• _Assignment_
Wherever a picture appears in the listing, leave it out, and copy the rest exactly.

• _Dataset content_
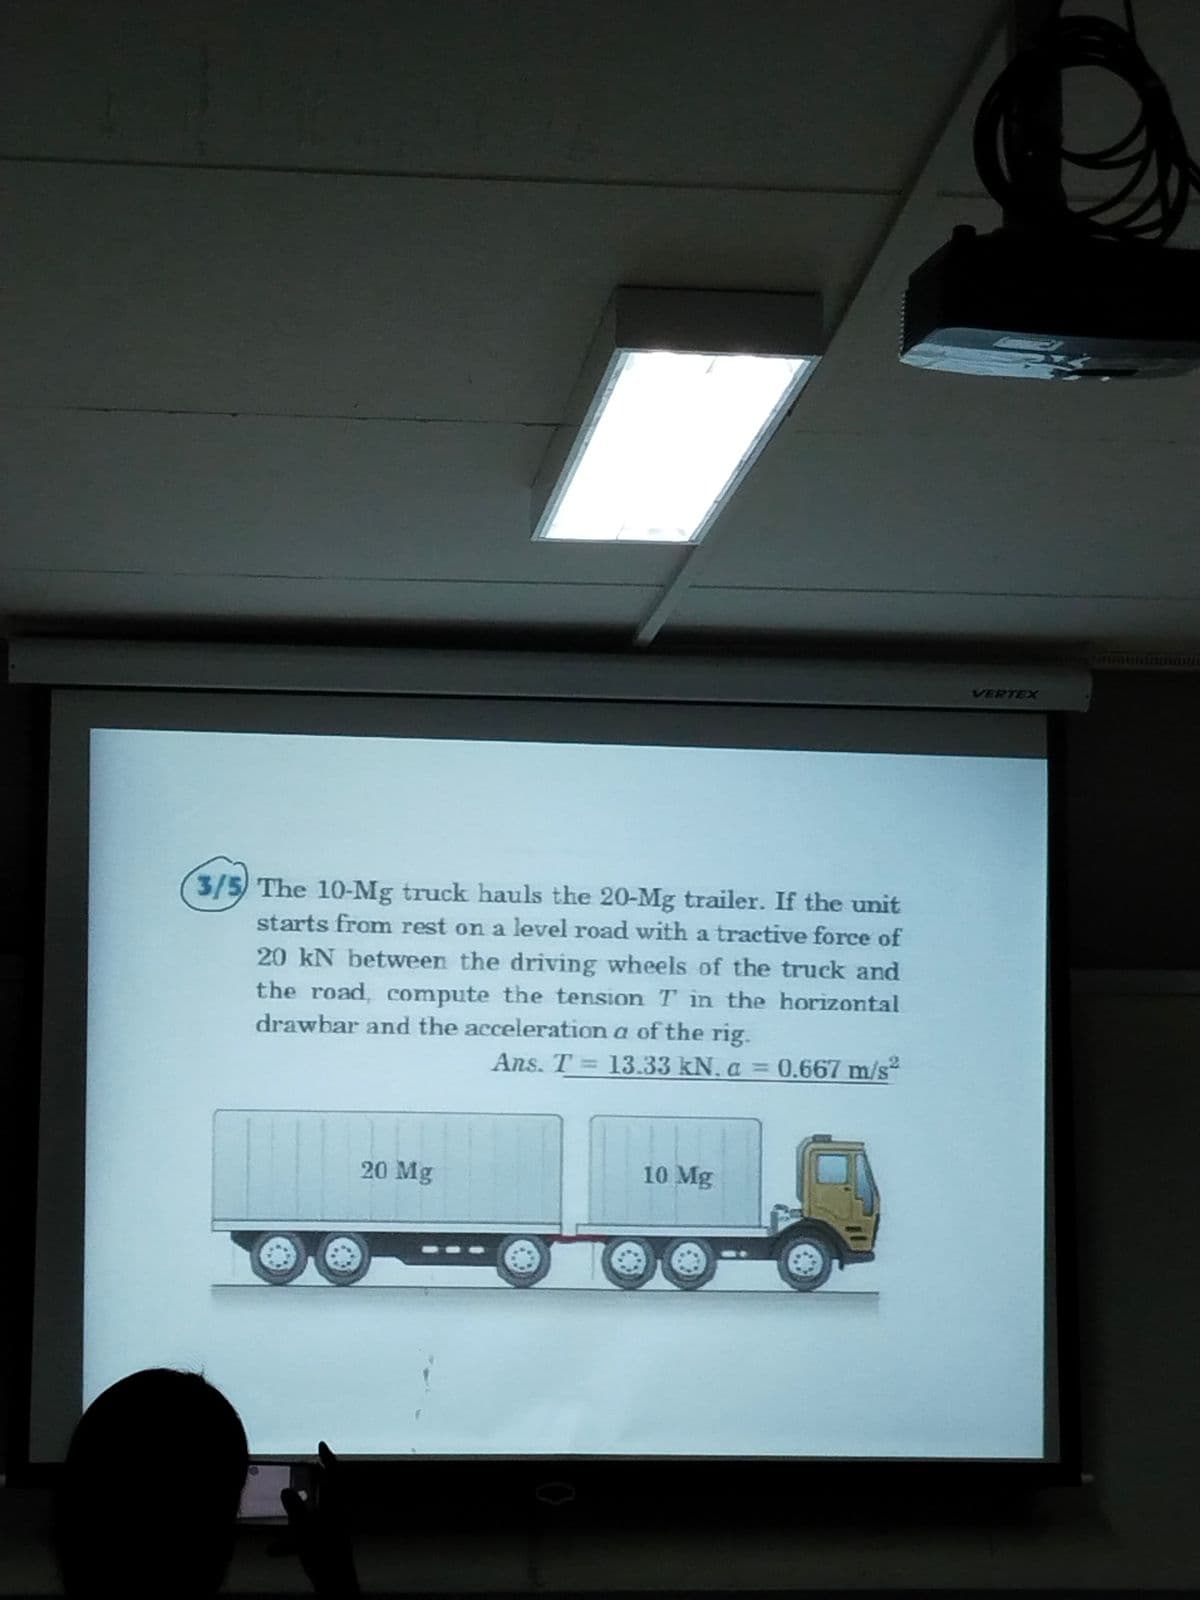 3/5) The 10-Mg truck hauls the 20-Mg trailer. If the unit
starts from rest on a level road with a tractive force of
20 kN between the driving wheels of the truck and
the road, compute the tension T in the horizontal
drawbar and the acceleration a of the rig.
Ans. T = 13.33 kN. a = 0.667 m/s
20 Mg
10 Mg
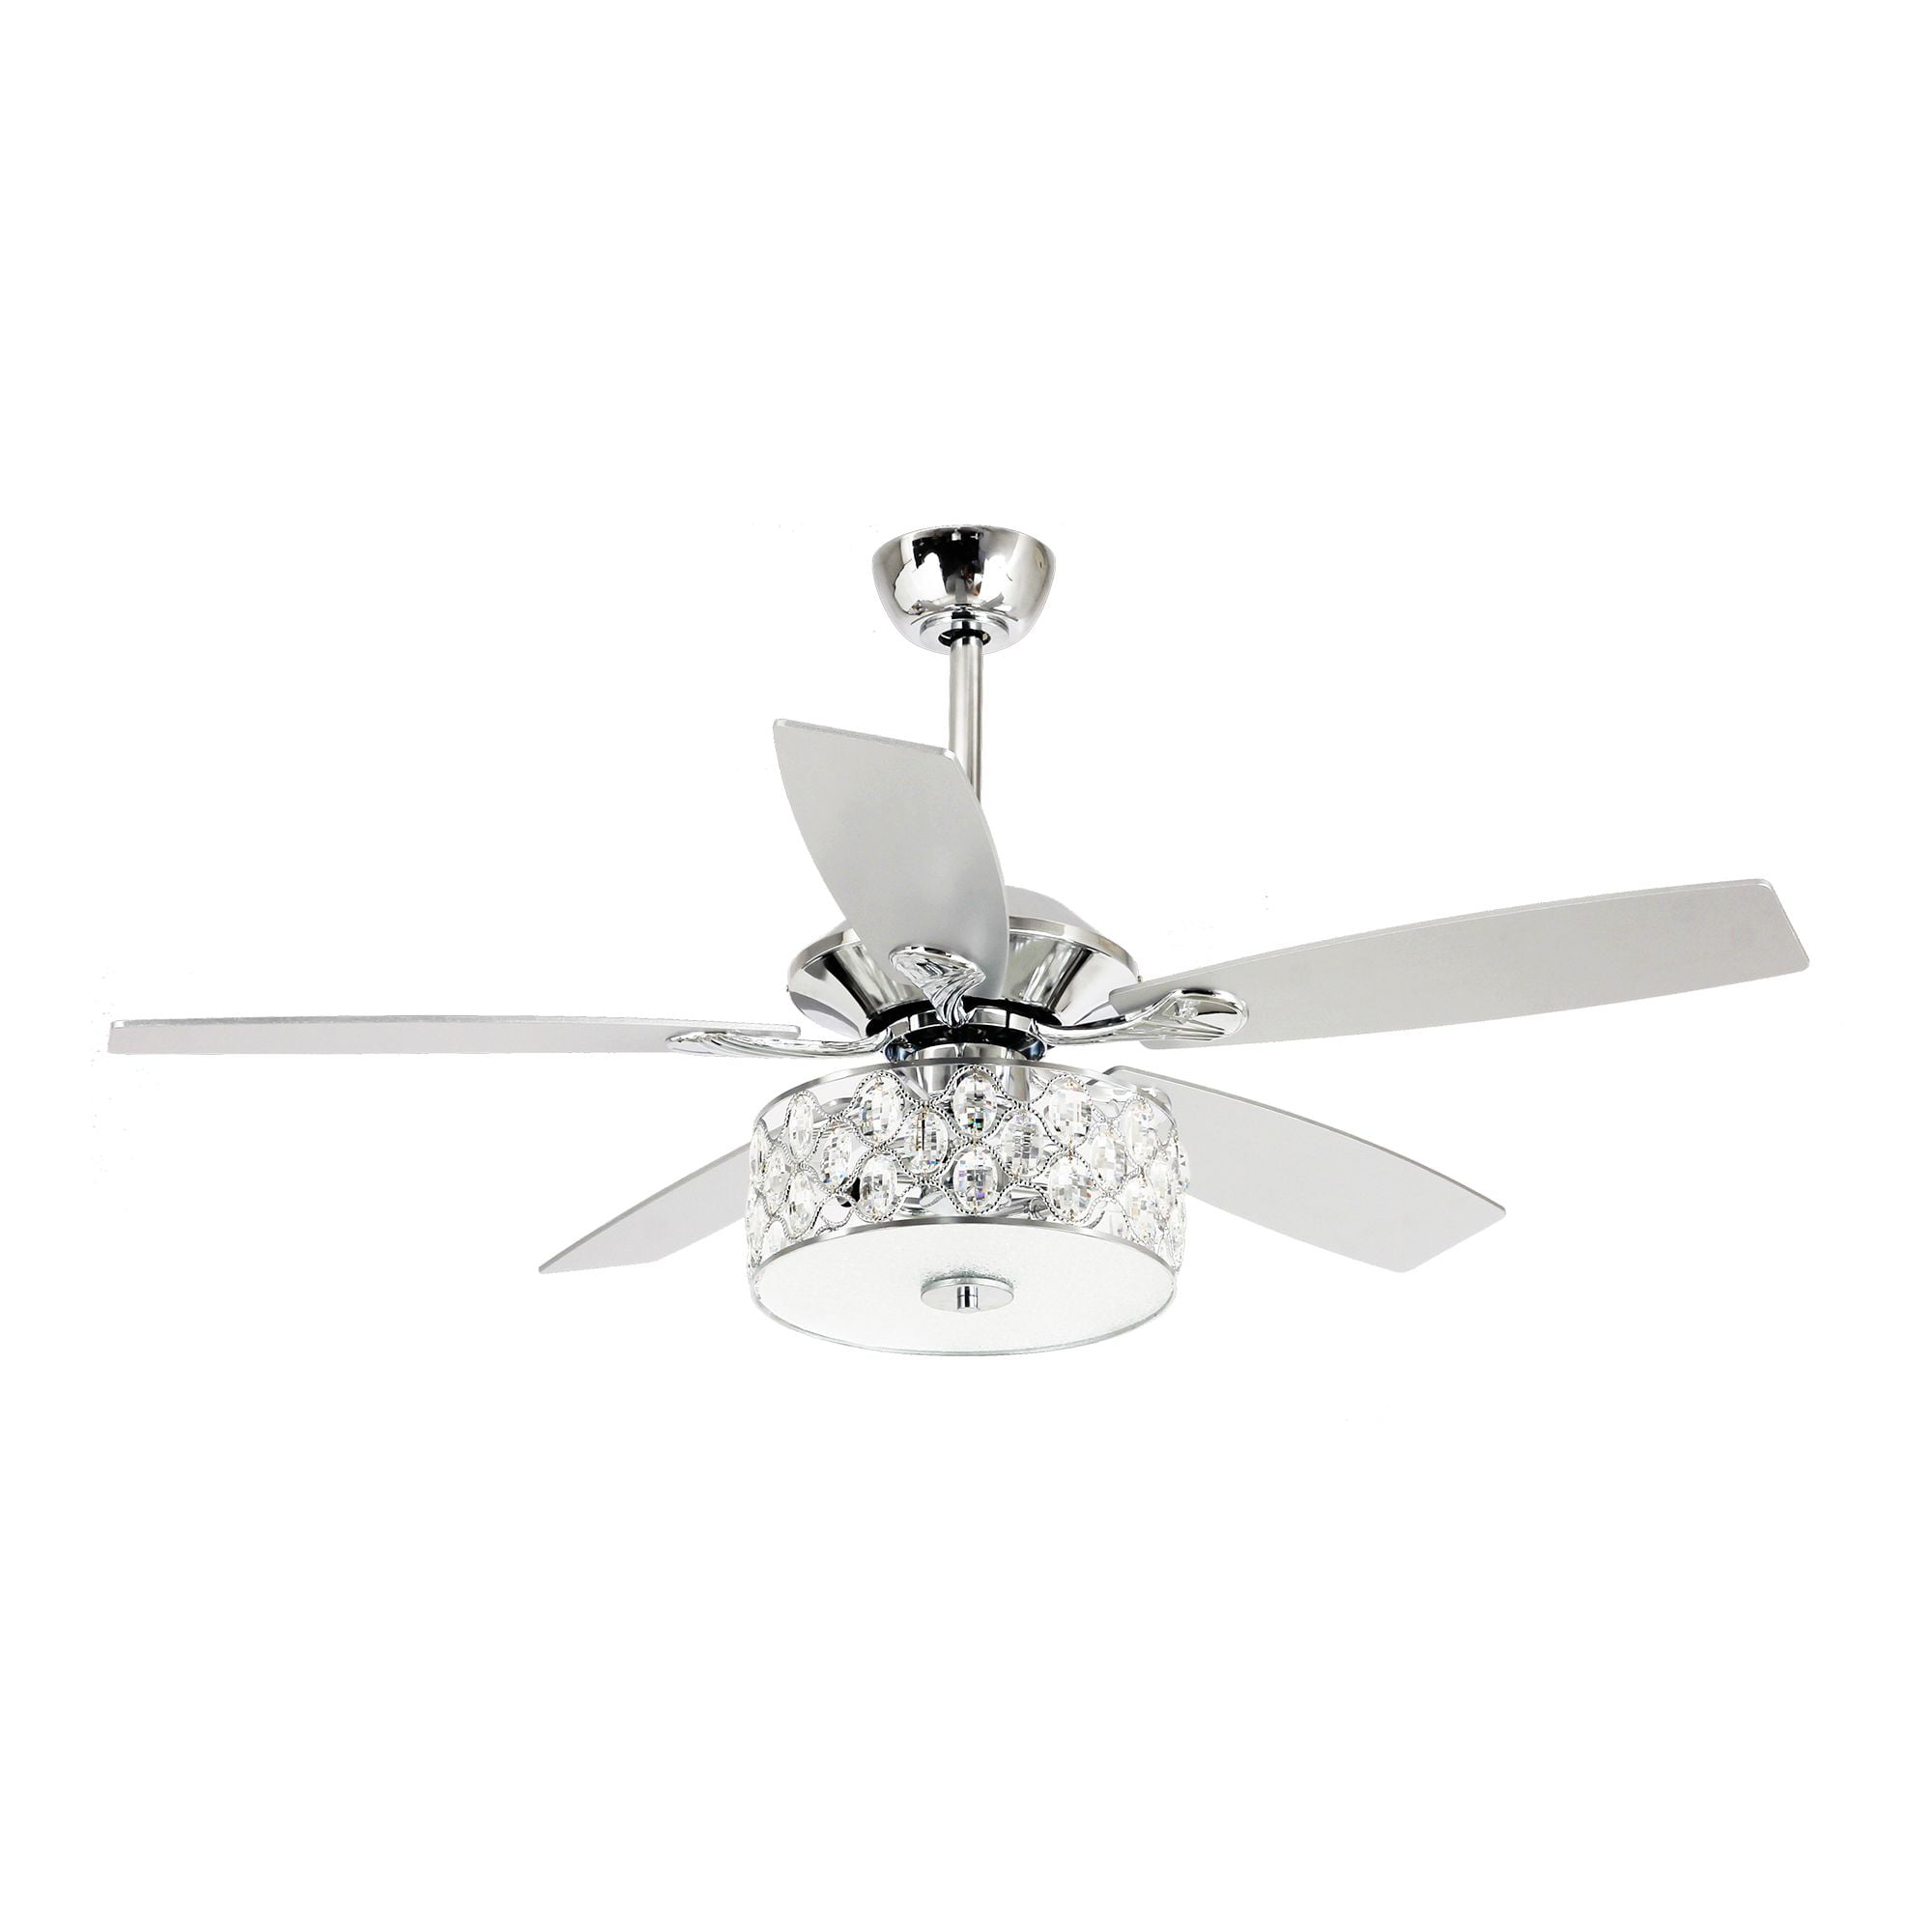 GLF 52" Ceiling Fan With Light Simple Reversible Remote Control Chandelier Decor

• _Reply_
 3/5) The 10-Mg truck hauls the 20-Mg trailer. If the unit
starts from rest on a level road with a tractive force of
20 kN between the driving wheels of the truck and
the road, compute the tension T in the horizontal
drawbar and the acceleration a of the rig.
Ans. T = 13.33 kN. a = 0.667 m/s
20 Mg
10 Mg
 GLF 52" Ceiling Fan With Light Simple Reversible Remote Control Chandelier Decor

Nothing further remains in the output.